■ **Exercise prompt**:
Each line from the start of the records through the line containing "Hoa Trẩu - ảnh" is to be transcribed exactly, and no other line is to be included.

■ **Task data**:
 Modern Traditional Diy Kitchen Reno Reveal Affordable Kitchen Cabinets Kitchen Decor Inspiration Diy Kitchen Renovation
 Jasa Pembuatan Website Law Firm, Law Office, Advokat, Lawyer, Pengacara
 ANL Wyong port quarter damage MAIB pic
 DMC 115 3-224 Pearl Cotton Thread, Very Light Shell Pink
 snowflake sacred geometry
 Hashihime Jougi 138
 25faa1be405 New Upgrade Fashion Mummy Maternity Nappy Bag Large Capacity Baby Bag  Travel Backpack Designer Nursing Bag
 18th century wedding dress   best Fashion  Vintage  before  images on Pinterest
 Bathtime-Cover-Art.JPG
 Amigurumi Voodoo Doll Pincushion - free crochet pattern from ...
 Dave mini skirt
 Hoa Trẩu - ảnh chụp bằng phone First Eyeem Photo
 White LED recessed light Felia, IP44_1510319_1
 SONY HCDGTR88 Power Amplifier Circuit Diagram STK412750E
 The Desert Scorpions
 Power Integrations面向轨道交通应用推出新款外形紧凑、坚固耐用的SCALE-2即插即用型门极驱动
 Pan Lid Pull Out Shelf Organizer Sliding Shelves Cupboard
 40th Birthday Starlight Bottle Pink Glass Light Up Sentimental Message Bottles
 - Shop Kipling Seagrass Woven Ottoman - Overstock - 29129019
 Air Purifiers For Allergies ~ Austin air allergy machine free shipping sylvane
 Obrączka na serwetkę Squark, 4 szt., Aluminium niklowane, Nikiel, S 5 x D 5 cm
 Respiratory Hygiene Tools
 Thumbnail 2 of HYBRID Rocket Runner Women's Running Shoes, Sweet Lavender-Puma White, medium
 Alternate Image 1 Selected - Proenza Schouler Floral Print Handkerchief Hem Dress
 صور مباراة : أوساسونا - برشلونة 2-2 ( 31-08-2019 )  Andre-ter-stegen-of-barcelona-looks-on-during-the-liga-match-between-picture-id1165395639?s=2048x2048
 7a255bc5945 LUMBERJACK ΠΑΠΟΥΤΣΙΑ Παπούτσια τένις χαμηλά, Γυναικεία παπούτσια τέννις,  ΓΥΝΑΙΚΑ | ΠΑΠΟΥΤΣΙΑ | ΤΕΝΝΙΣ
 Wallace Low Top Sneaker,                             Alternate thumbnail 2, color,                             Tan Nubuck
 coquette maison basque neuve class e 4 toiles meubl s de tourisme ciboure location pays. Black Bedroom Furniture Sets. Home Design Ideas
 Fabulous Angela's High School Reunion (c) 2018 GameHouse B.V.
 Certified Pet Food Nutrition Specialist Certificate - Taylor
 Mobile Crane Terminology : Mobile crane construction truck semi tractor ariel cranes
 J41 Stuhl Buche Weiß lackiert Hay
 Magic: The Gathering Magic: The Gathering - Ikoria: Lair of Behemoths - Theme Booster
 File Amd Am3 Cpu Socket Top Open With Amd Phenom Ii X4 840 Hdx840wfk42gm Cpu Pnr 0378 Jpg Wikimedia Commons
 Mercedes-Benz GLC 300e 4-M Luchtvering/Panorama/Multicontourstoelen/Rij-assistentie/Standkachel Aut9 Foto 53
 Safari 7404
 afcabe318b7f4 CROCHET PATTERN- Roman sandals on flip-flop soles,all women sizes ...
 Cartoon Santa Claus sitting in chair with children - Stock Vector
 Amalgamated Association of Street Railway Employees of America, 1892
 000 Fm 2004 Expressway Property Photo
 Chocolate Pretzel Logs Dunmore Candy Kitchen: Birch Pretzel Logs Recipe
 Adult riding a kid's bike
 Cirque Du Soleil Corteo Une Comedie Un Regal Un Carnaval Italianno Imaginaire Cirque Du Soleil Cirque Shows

■ **Expected answer**:
 Modern Traditional Diy Kitchen Reno Reveal Affordable Kitchen Cabinets Kitchen Decor Inspiration Diy Kitchen Renovation
 Jasa Pembuatan Website Law Firm, Law Office, Advokat, Lawyer, Pengacara
 ANL Wyong port quarter damage MAIB pic
 DMC 115 3-224 Pearl Cotton Thread, Very Light Shell Pink
 snowflake sacred geometry
 Hashihime Jougi 138
 25faa1be405 New Upgrade Fashion Mummy Maternity Nappy Bag Large Capacity Baby Bag  Travel Backpack Designer Nursing Bag
 18th century wedding dress   best Fashion  Vintage  before  images on Pinterest
 Bathtime-Cover-Art.JPG
 Amigurumi Voodoo Doll Pincushion - free crochet pattern from ...
 Dave mini skirt
 Hoa Trẩu - ảnh chụp bằng phone First Eyeem Photo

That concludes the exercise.